Thoughts on Native CSS Mixins
Briefly

Thoughts on Native CSS Mixins
"Miriam Suzanne says: The CSS Working Group has agreed to move forward with CSS-native mixins. And there is a spec, but the spec only deals with @function (which does exist). Functions are a little similar but act only as a single value rather than a block of styles. The idea comes from Sass @mixin. We happen to use Sass (SCSS) at CodePen and as I write, we have 328 @mixin definitions in the codebase, so it's clearly of use."
"Things can get a little fancier in Sass, but it's all pretty straightforward: Mixins can include nesting and work in nested code. They can even slot in nested content you pass to it. Mixins can use other mixins. Mixins can have parameters (like a function) and use/calculate off those values in the output. I would assume and hope that all of this is supported in native CSS mixins."

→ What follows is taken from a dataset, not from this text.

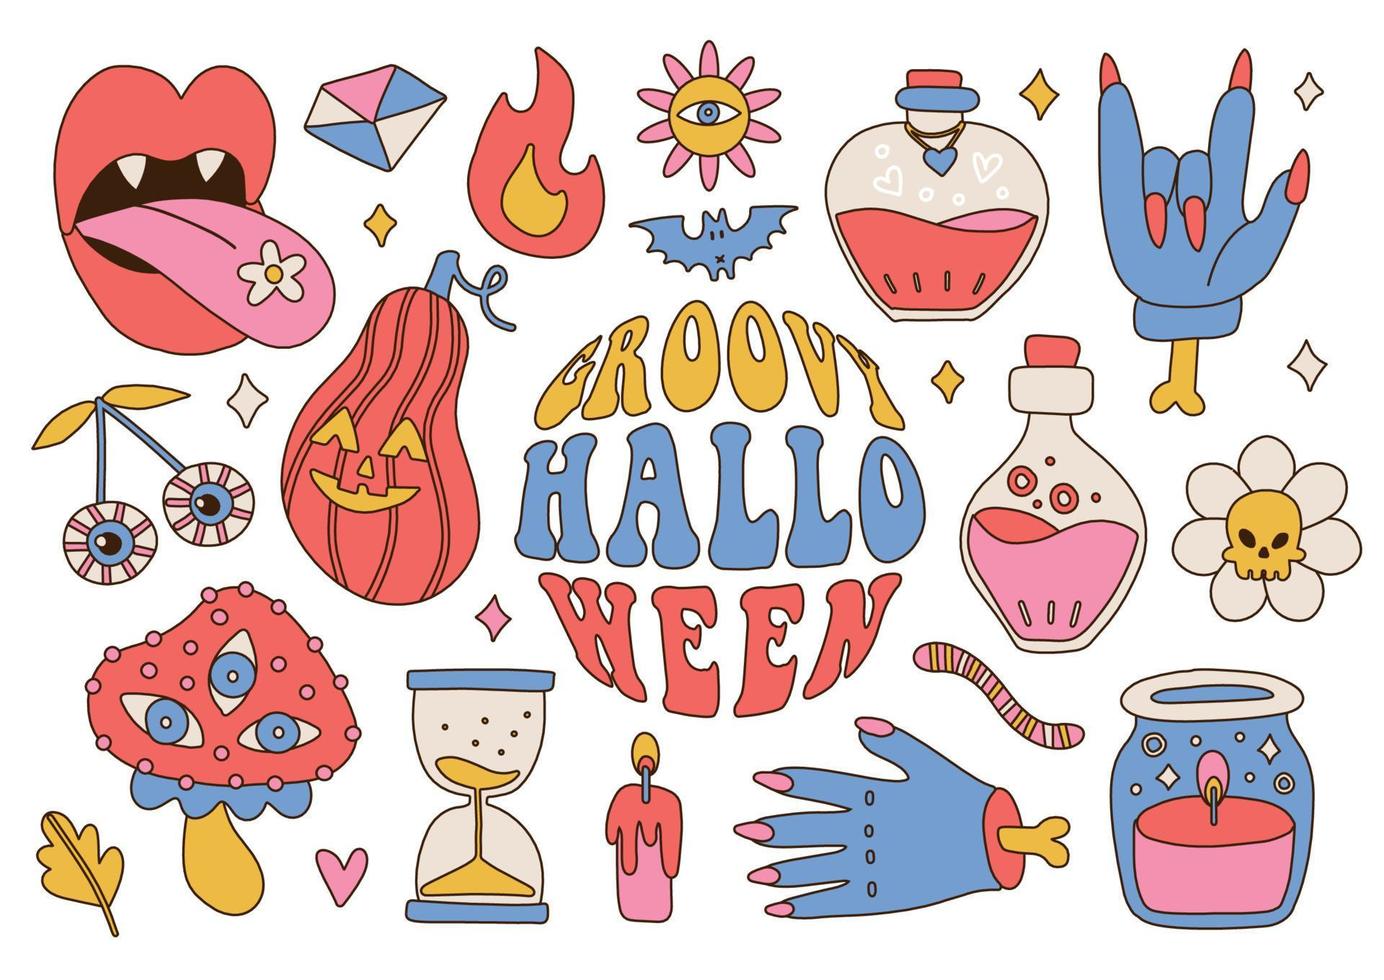 häftig retro 70s halloween stor uppsättning av läskigt element. psychedelic skrämmande klistermärken. hippie stil Semester. zombie ärm, pumpa, trolldryck, svamp, fladdermus, daisy. vektor hand dragen illustration.

Native CSS mixins would provide reusable blocks of CSS that can be inserted wherever needed, similar to Sass @mixin but native to CSS. Mixins would support nesting, composition, parameterization, and slotting nested content, enabling more complex style patterns. @function exists but returns a single value; mixins output entire blocks of styles. The anticipated usage syntax favors @apply over @include to avoid preprocessor conflicts. Native mixins aim to reduce the need for preprocessors, limit duplicated compiled CSS, and make shared style patterns available directly in core CSS.